Thanks Karl,
I normally don't have accidentally clicked on the button to forget the
history and I still have all the other events. But I will investigate by
debugging the part of the code that you mentioned and will keep you
informed.
Regards,
Julien
Le 26.04.2017 17:10, Karl Wright a écrit :
> Hi Julien,
>
> The delete logic in the connector is as follows:
>
>>>>>>>
>
> // Now, go through the original id's, and see which ones are still in the
> map. These
> // did not appear in the result and are presumed to be gone from the
> database, and thus must be deleted.
> for (String documentIdentifier : documentIdentifiers)
> {
> if (fetchDocuments.contains(documentIdentifier))
> {
> String documentVersion = map.get(documentIdentifier);
> if (documentVersion != null)
> {
> // This means we did not see it (or data for it) in the result set. Delete
> it!
> activities.noDocument(documentIdentifier,documentVersion);
> activities.recordActivity(null, ACTIVITY_FETCH,
> null, documentIdentifier, "NOTFETCHED", "Document was not seen by processing
> query", null);
> }
> }
> }
> <<<<<<
>
> For a JDBC job without a version query, fetchDocuments contains all the
> documents. But map has the entries removed that were actually fetched.
> Documents that were *not* fetched for whatever reason therefore will not be
> cleaned up. Here's the code that determines that:
>
>>>>>>>
>
> String version = map.get(id);
> if (version == null)
> // Does not need refetching
> continue;
>
> // This document was marked as "not scan only", so we expect to find it.
> if (Logging.connectors.isDebugEnabled())

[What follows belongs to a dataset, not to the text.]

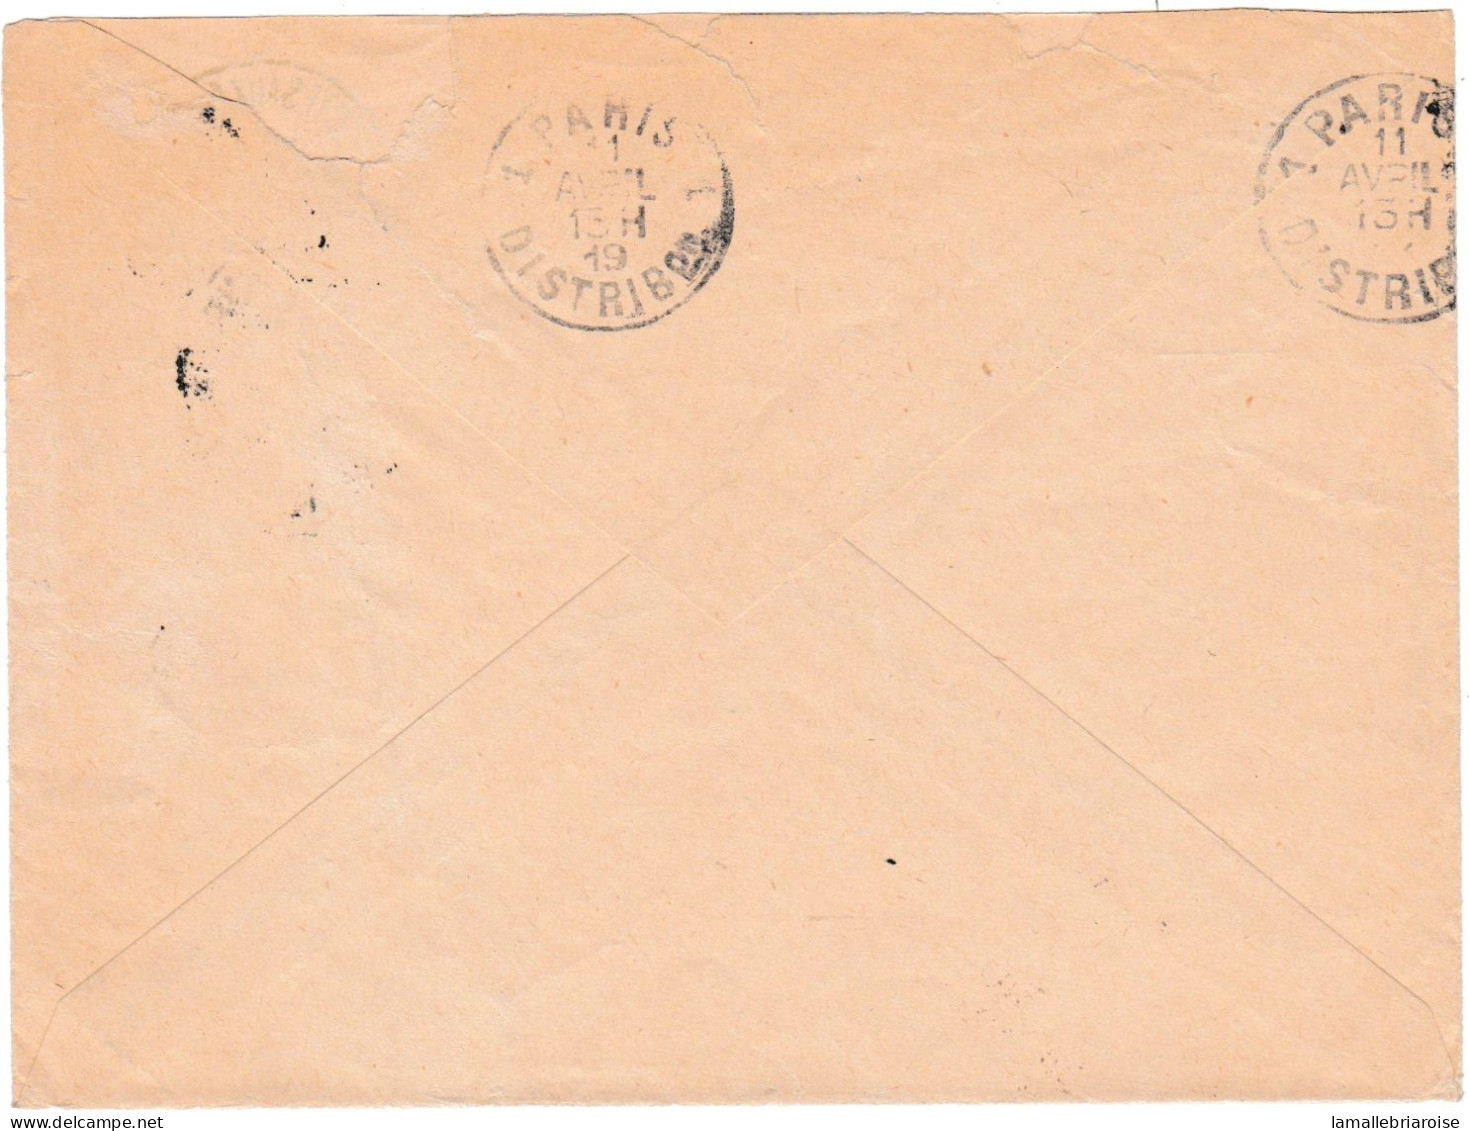 Lettre Avec Courrier (texte Interressant) Avec Cachet: Troupes D'occupation Du Maroc Occidental, Casablanca - Guerre De 1914-18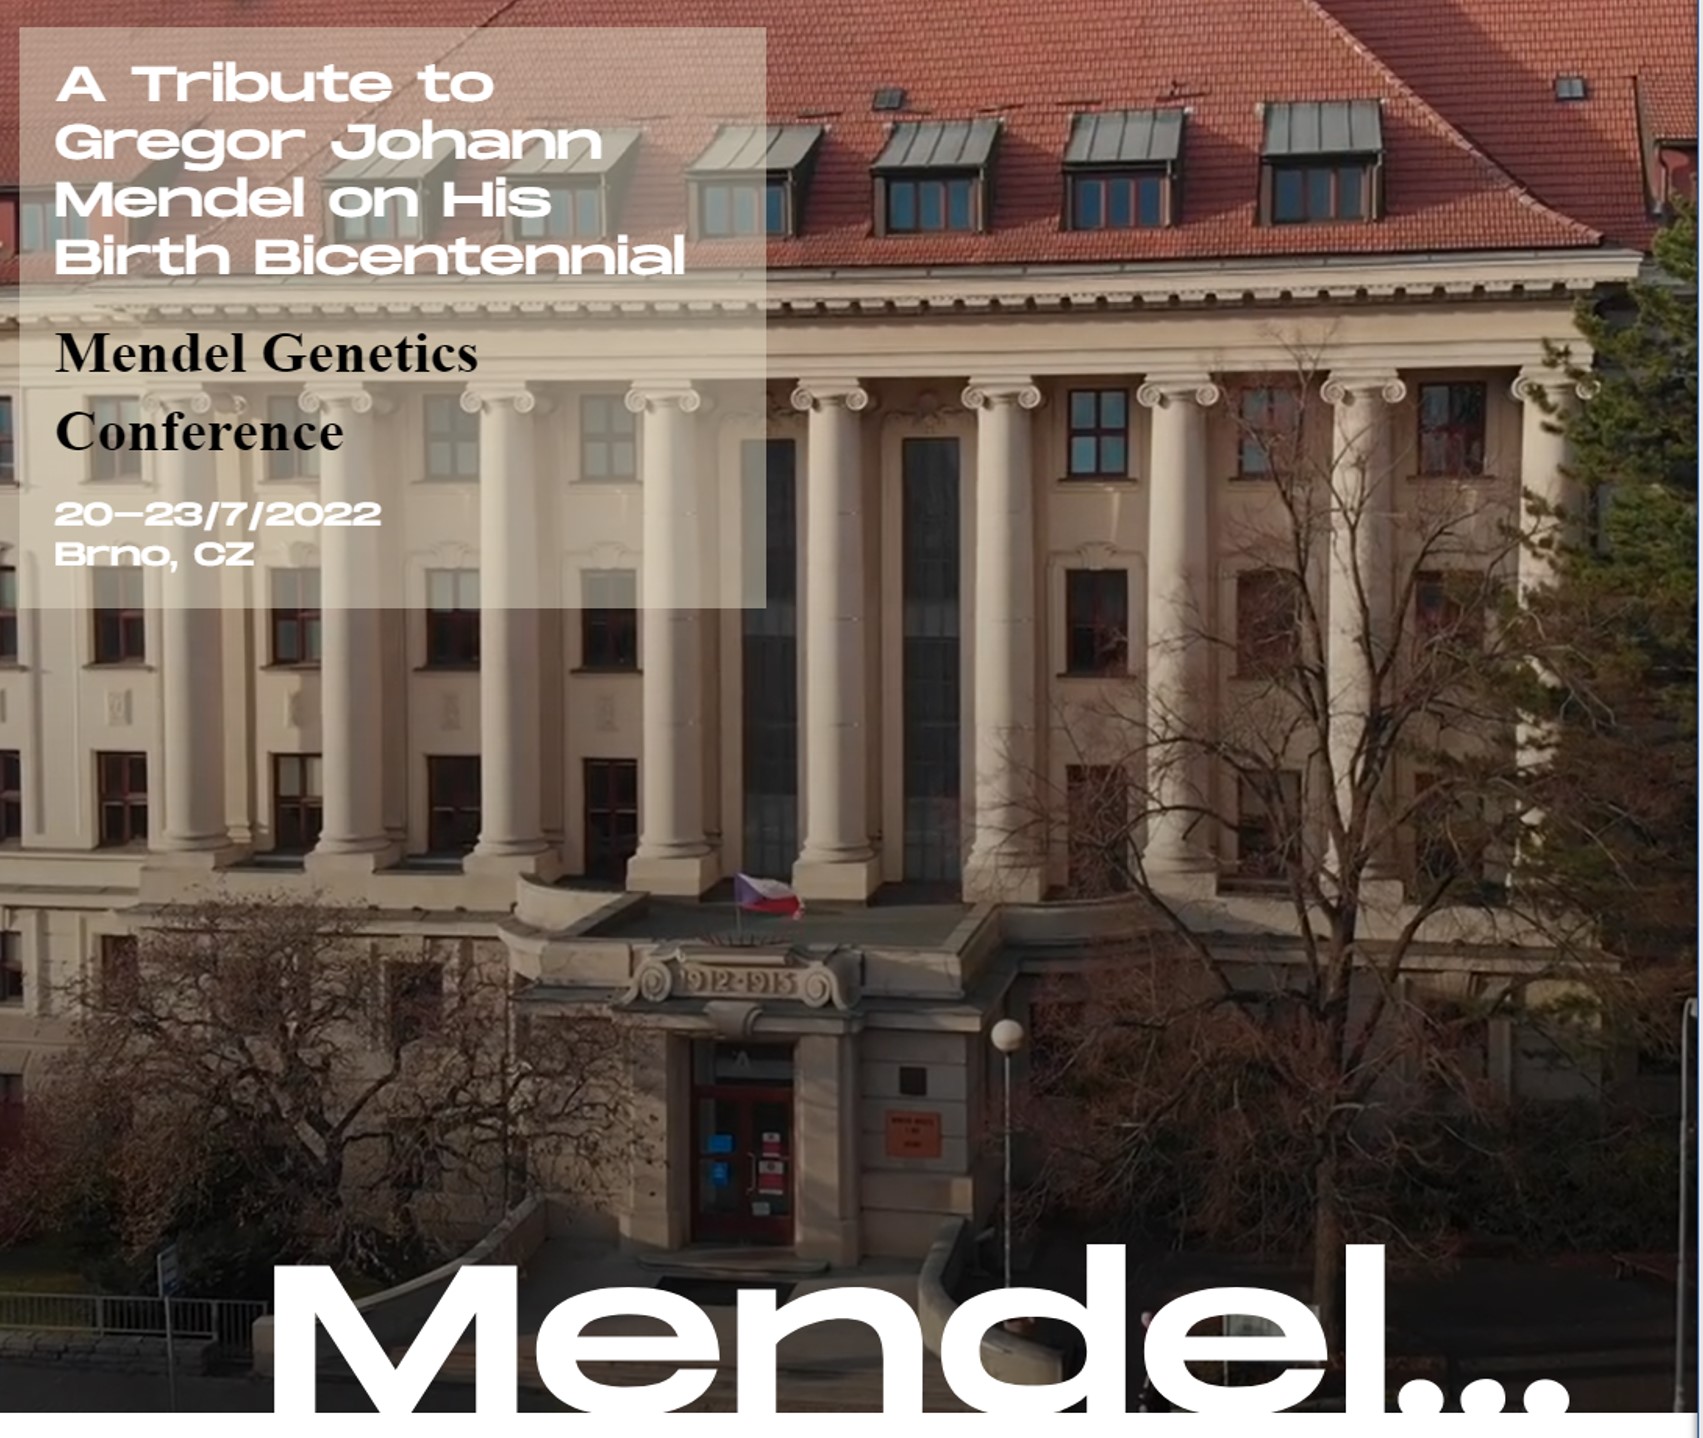 Poziv na sudjelovanja na “Mendel Genetics Conference” – konferenciji posvećenoj dvjestotoj obljetnici rođenja Gregora Johanna Mendela

> Logging.connectors.debug("JDBC: Document data result found for '"+id+"'");
> o = row.getValue(JDBCConstants.urlReturnColumnName);
> if (o == null)
> {
> Logging.connectors.debug("JDBC: Document '"+id+"' has a null url -
> skipping");
> errorCode = activities.NULL_URL;
> errorDesc = "Excluded because document had a null URL";
> activities.noDocument(id,version);
> continue;
> }
>
> // This is not right - url can apparently be a BinaryInput
> String url = JDBCConnection.readAsString(o);
> boolean validURL;
> try
> {
> // Check to be sure url is valid
> new java.net.URI(url);
> validURL = true;
> }
> catch (java.net.URISyntaxException e)
> {
> validURL = false;
> }
>
> if (!validURL)
> {
> Logging.connectors.debug("JDBC: Document '"+id+"' has an illegal url:
> '"+url+"' - skipping");
> errorCode = activities.BAD_URL;
> errorDesc = "Excluded because document had illegal URL ('"+url+"')";
> activities.noDocument(id,version);
> continue;
> }
>
> // Process the document itself
> Object contents = row.getValue(JDBCConstants.dataReturnColumnName);
> // Null data is allowed; we just ignore these
> if (contents == null)
> {
> Logging.connectors.debug("JDBC: Document '"+id+"' seems to have null data -
> skipping");
> errorCode = "NULLDATA";
> errorDesc = "Excluded because document had null data";
> activities.noDocument(id,version);
> continue;
> }
>
> // We will ingest something, so remove this id from the map in order that we
> know what we still
> // need to delete when all done.
> map.remove(id);
> <<<<<<
>
> As you see, activities.noDocument() is called for all cases, except the one
> where the document version is null (which cannot happen since all document
> versions for this case will be the empty string). So I am at a loss to
> understand why the delete is not happening.
>
> The only way I can think of is that if you clicked one of the buttons on the
> output connection's view page that told MCF to "forget" all the history for
> that connection.
>
> Thanks,
> Karl
>
> On Wed, Apr 26, 2017 at 10:42 AM, <[email protected]> wrote:
>
> Hi Karl,
>
> I was manually starting the job for test purpose, but even if I schedule it
> with job invocation "Complete" and "Scan every document once", the missing
> IDs from the database are not deleted in my Solr index (no trace of any
> 'document deletion' event in the history).
> I should mention that I only use the 'Seeding query' and 'Data query' and I
> am not using the $(STARTTIME) and $(ENDTIME) variables in my seeding query.
>
> Julien
>
> Le 26.04.2017 16:05, Karl Wright a écrit :
> Hi Julien,
>
> How are you starting the job? If you use "Start minimal", deletion would not
> take place. If your job is a continuous one, this is also the case.
>
> Thanks,
> Karl
>
> On Wed, Apr 26, 2017 at 9:52 AM, <[email protected]> wrote:
> Hi the MCF community,
>
> I am using MCF 2.6 with the JDBC connector to crawl an Oracle Database and
> index the data into a Solr server, and it works very well. However, when I
> perform a delta re-crawl, the new IDs are correctly retrieved from the
> Database but those who have been deleted are not "detected" by the connector
> and thus, are still present in my Solr index.
> I would like to know if normally it should work and that I maybe have missed
> something in the configuration of the job, or if this is not implemented ?
> The only way I found to solve this issue is to reset the seeding of the job,
> but it is very time and resource consuming.
>
> Best regards,
> Julien Massiera